Solar City had two major problems -- a very large sales force and infrastructure that was expensive to maintain and a business model where most of its sales came from long-term leases where it was paid over very long periods of time. Tesla has been very transparent that they want to cut costs especially from the Solar City sales side to generate profits. In the current round of cost cutting, they are doing so by reducing the sales force and presence in places like Home Depot, while using the internet and existing Tesla stores which now have beautiful Tesla energy displays.

By reducing the sales staff and infrastructure at the same time it is accelerating payment for solar systems by, for example, increasing the percentage of systems sold versus leased, Tesla has a business model with drastically reduced costs and increased cash flow. It is a business model that is set up to optimize cross marketing of solar and storage to EV customers who for obvious reasons buy a ton of solar and are also increasingly likely to buy storage to pair with solar, and vice versa. Having one-stop shopping to buy all of those products should be very efficient and make for great cross-selling.

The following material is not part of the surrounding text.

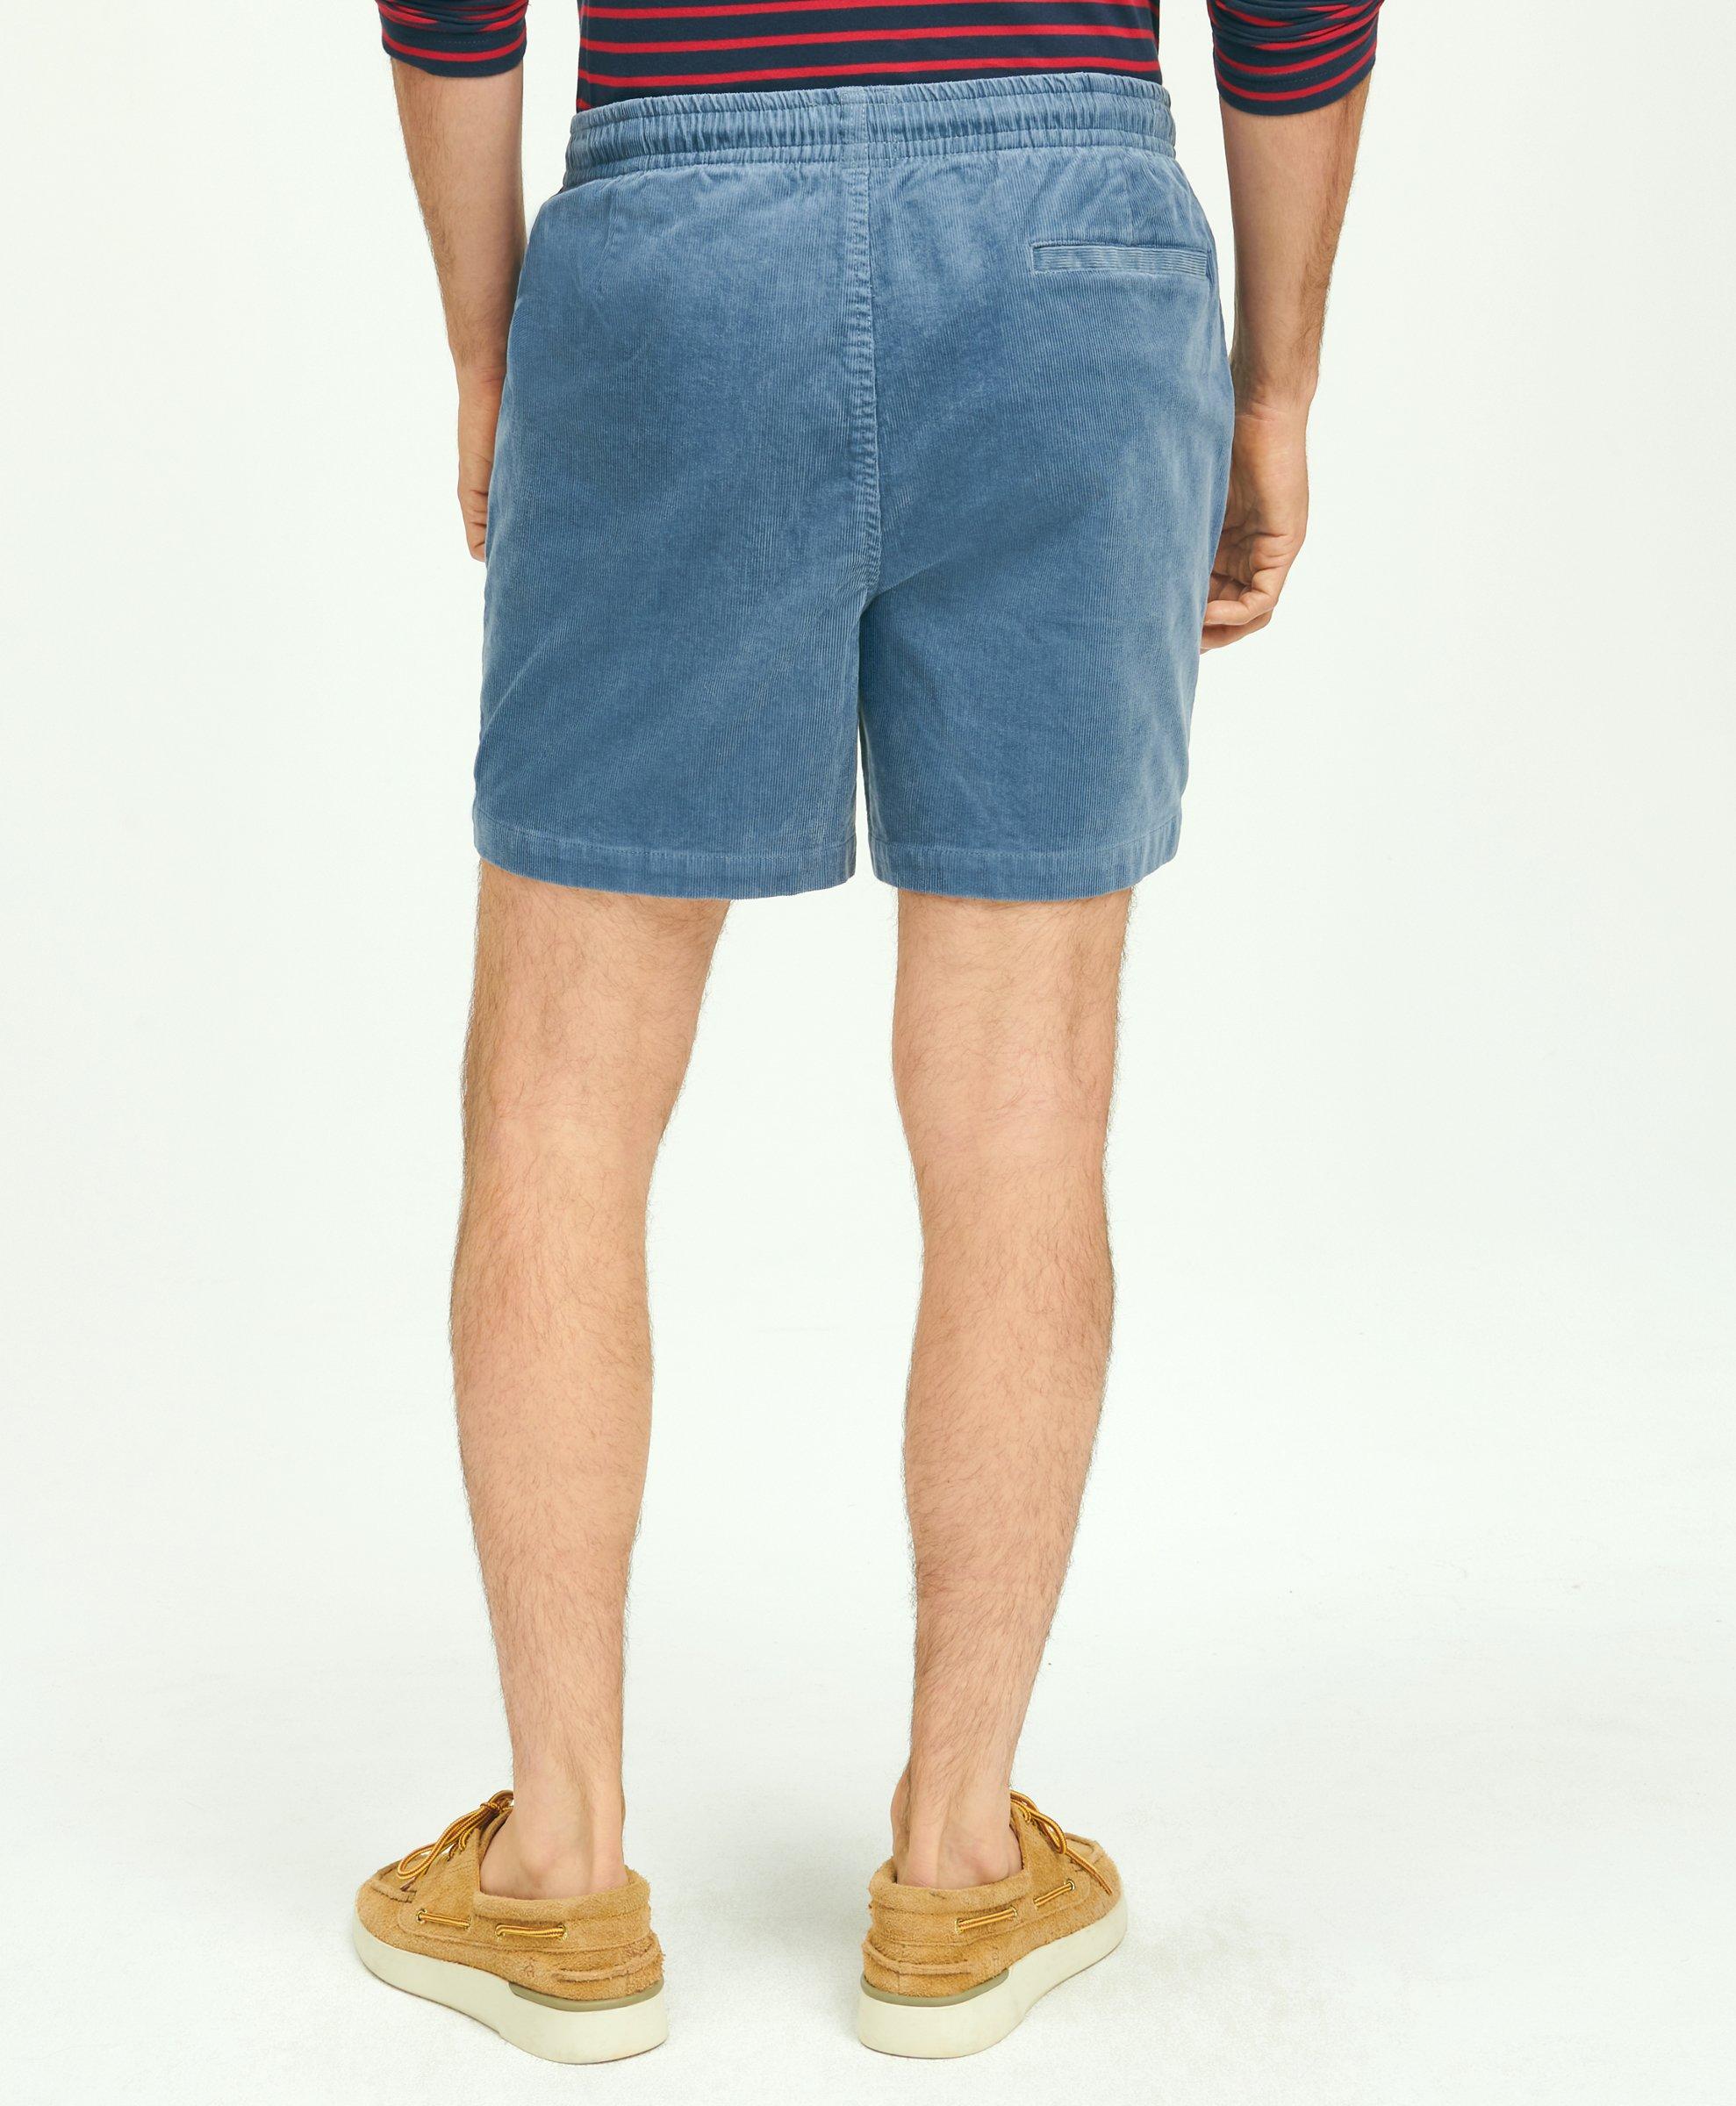 Jeans shorts for men with waist drawstring

In other words, leveraging the existing Tesla infrastructure to sell solar and storage is much more efficient than the old bloated Solar City sales structure.

Bottom line: investors love cost cutting, and most should understand the need to change the Solar City business model to generate faster cash flow, while sacrificing sales in the short term. This is one of the many steps Tesla has taken to become cash flow positive and profitable later this year. Should be very painful for short sellers.